French fur trader in Canada (c. 1657 – 1704)

Pierre-Charles Le Sueur (/fr/; c. 1657, Artois, France - 17 July 1704, Havana, Cuba) was a French fur trader and explorer in North America, recognized as the first known European to explore the Minnesota River valley.

Le Sueur came to Canada with the Jesuits to their mission at Sault Sainte Marie, but very soon he turned himself to fur trade and became a coureur des bois. He was fluent in several Native languages, which was crucial to his success in trade. Around 1683, he received some samples of bluish clay from the middle reaches of a tributary of the Mississippi and took it back to France to be analyzed. A chemist, Alexandre L'Huillier, deemed it to be copper ore. Le Sueur returned to New France to mine this ore, but was waylayed by, among other things, a prison term for overreaching his trade privileges. He was present at the formal assertion of French sovereignty of Canada, declared in 1689 by Nicholas Perrot at Green Bay. Eventually, however, he was given a royal commission to open a copper mine (although some suggested he was more interested in "mining furs").

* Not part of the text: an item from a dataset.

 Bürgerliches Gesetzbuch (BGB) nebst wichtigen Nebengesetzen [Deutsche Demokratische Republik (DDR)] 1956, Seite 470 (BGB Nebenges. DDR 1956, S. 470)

In 1699, he was with the group that ascended the Mississippi River from Biloxi to the "country of the Nadouessioux", stopping to overwinter at Isle Pelée or Fort Perrot above Lake Pepin. He went upstream as far as Saint Anthony Falls. After trading with the local Dakota bands (the Mdewakantons, Wahpetons and Wahpekutes) in the area, in the summer and fall of 1700 he and a group of 20 men went further up the river known to the native population as "minisota", or "cloud reflected water". This river was known to later voyageurs as the St. Pierre, but it is unclear if Le Sueur knew it by that name at the time. The group continued to the Blue Earth River, where they built Fort L'Huillier, named for the chemist who declared it to be copper ore. They overwintered at Fort L'Huillier, trading furs and other merchandise with the local Indian bands. They found the prairies full of bison, and learned to subsist largely on a meat diet. In May 1701, Le Sueur left a garrison of men at the fort under the command of d'Eraque and accompanied a large quantity of the blue earth (Dakota language: makháto) back to Fort Mobile for further analysis, which revealed that it was not copper and thus worthless. Later that year, Fort L'Huillier was attacked by Sauk and Meskwaki people. Three men were killed in the attack on the fort, which was then abandoned.

Le Sueur sailed to France to secure a commission to serve as a local magistrate in what is now Alabama. "Le Sueur was supposed to leave France on the Loire in 1703 but he did not actually sail until the spring of 1704 aboard the Pélican. The ship, which was carrying nurses and women to Louisiana, stopped at Havana where Le Sueur contracted yellow fever. He had to be left behind and, after drawing up his will, he died on 17 July and was buried in the parish church of San Cristóbal."

He is the namesake of Le Sueur, Minnesota, the Le Sueur River and Le Sueur County, Minnesota.